Снимок был сделан, и хозяин освободил голову Колбаскина от этой ненужной коту вещи, которая только мешала ему слышать. Через неделю в газете вышла статья: последний день русской подводной лодки. А дело было в том, что министерство культуры отказалось платить зарплату старому матросу, музей сам доходов не давал, поэтому за свет и отопление платить было не чем. Музей закрывался, и что теперь было делать с этим подарком русских, город не знал. Это был как троянский конь: лодка плавать не могла, а чтобы её уничтожить и переплавить на металл, нужны были деньги, которых не было. Матрос был старым, поэтому ему было все равно, что случится с этой проржавленной русской лодкой. Жалко было только Колбаскина. Куда же девать кота? Кормить самому было старому матросу накладно, да и жил он в квартирке малюсенькой, поэтому он решил сдать Колбаскина в дом престарелых, который сам знал.
Он принес туда Колбаскина в хозяйственной сумке и прошел с ним на кухню.
— Котов принимаете? — спросил он повара.
— Покажи, какой такой кот твой, — сказал осторожно повар дома престарелых.
— Красивый кот, даже в газете про него писали, посмотри сам, — и он выпустил Колбаскина на каменный пол кухни. Тот прошелся около плиты и обвил хвостом толстые ноги повара, заурчав как закипающий чайник.
— Ах, красавец какой! И глазастый! Ну хорошо, пусть остается.
Матрос распрощался с Колбаскиным и оставит того в доме престарелых.
Так судьба занесла Колбаскина в дом, где пожилые люди доживали или скорее дожевывали свою жизнь. Многие из них уже не вставали с постелей, даже в туалет. Их кормили, переодевали, им меняли подгузники, полные испражнений, перевертывали, как кульки к вонючей килькой и раз в неделю купали.
Те, кто еще мог ходить, приходили трижды в день в столовую и получали полный и в общем-то ненужный им рацион, так как энергии почти не тратили. Время проводилось в поглощении лекарств и телевизионных программ. Так с утра до вечера. Они были похожи на червяков, в которые они скоро превратятся — больших малоподвижных червяков, в которых пища входила и выходила. В них входили и телевизионные сериалы и так же легко выходили из их памяти и седых и лысых голов. Здесь стоял запах увядания, болезней и старости, который кот Колбаскин отчетливо чувствовал своим замечательным носом.
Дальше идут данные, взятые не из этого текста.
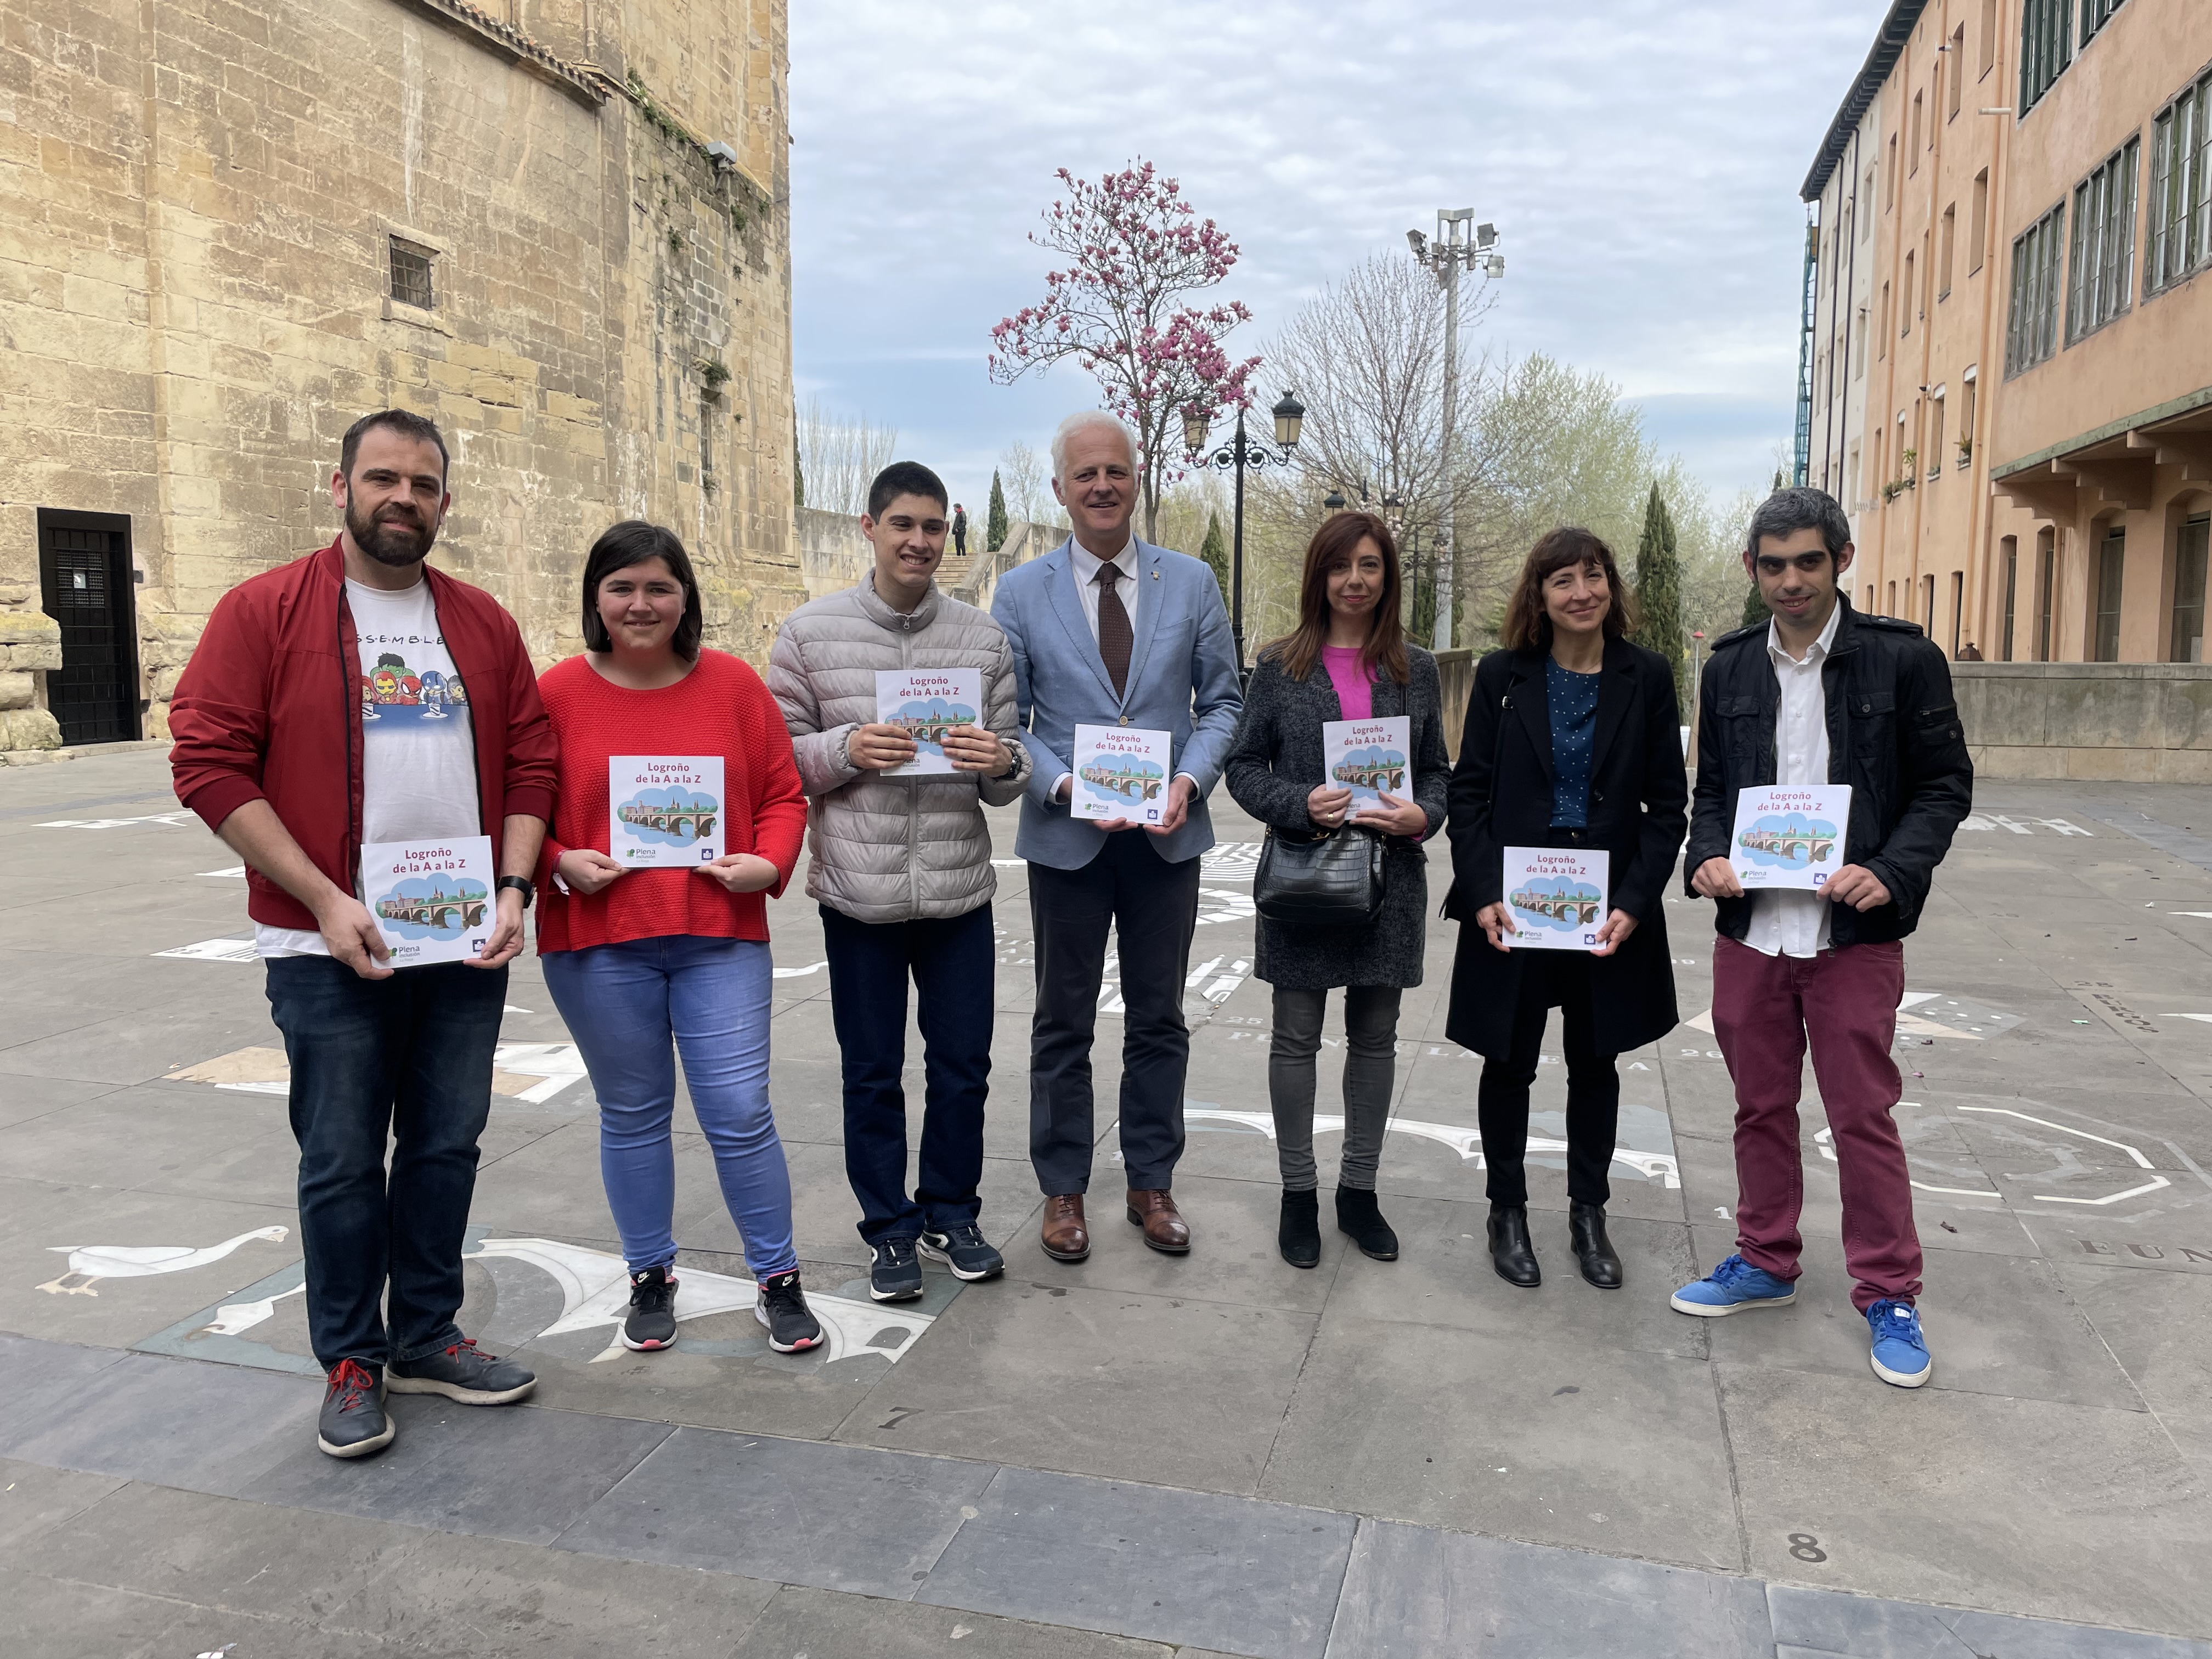 Plena inclusión La Rioja y el Ayuntamiento de Logroño presentan “Logroño de la A a la Z”, un juego online en Lectura Fácil sobre la cultura y costumbres de la ciudad

Он старался меньше общаться с больными и лежачими обитателями дома престарелых, ограничивая круг своего внимания кухней, коридором, столовой и телевизионной комнатой, где он часами мог наблюдать за экраном, где двигались пятна различного цвета. Для него это было как движение теней, которые он любил наблюдать на улице. Почему эти тени так нравились людям, жившим в этом доме и никогда не ловившим ни мышей, ни птиц, Колбаскин понять не мог.
Ночью он уходил на волю— в поля, лес или на пляж, где промышлял охотой до утра. Потом он возвращался в теплый дом, напивался молока или простокваши из блюдечка и ложился спать под креслом в телевизионной комнате. Так он прожил в этом доме три месяца. За три месяца несколько проживающих в доме престарелых умерли, и Колбаскин каждый раз чувствовал приход смерти заранее — за день-два по тому неповторимому запаху, который несла с собой смерть. Но говорить это людям он не мог и не хотел. Они ведь такие умные — пусть сами догадываются, но люди не догадывались, удивляясь каждый раз тому, чт для Колбаскина было вполне естественным.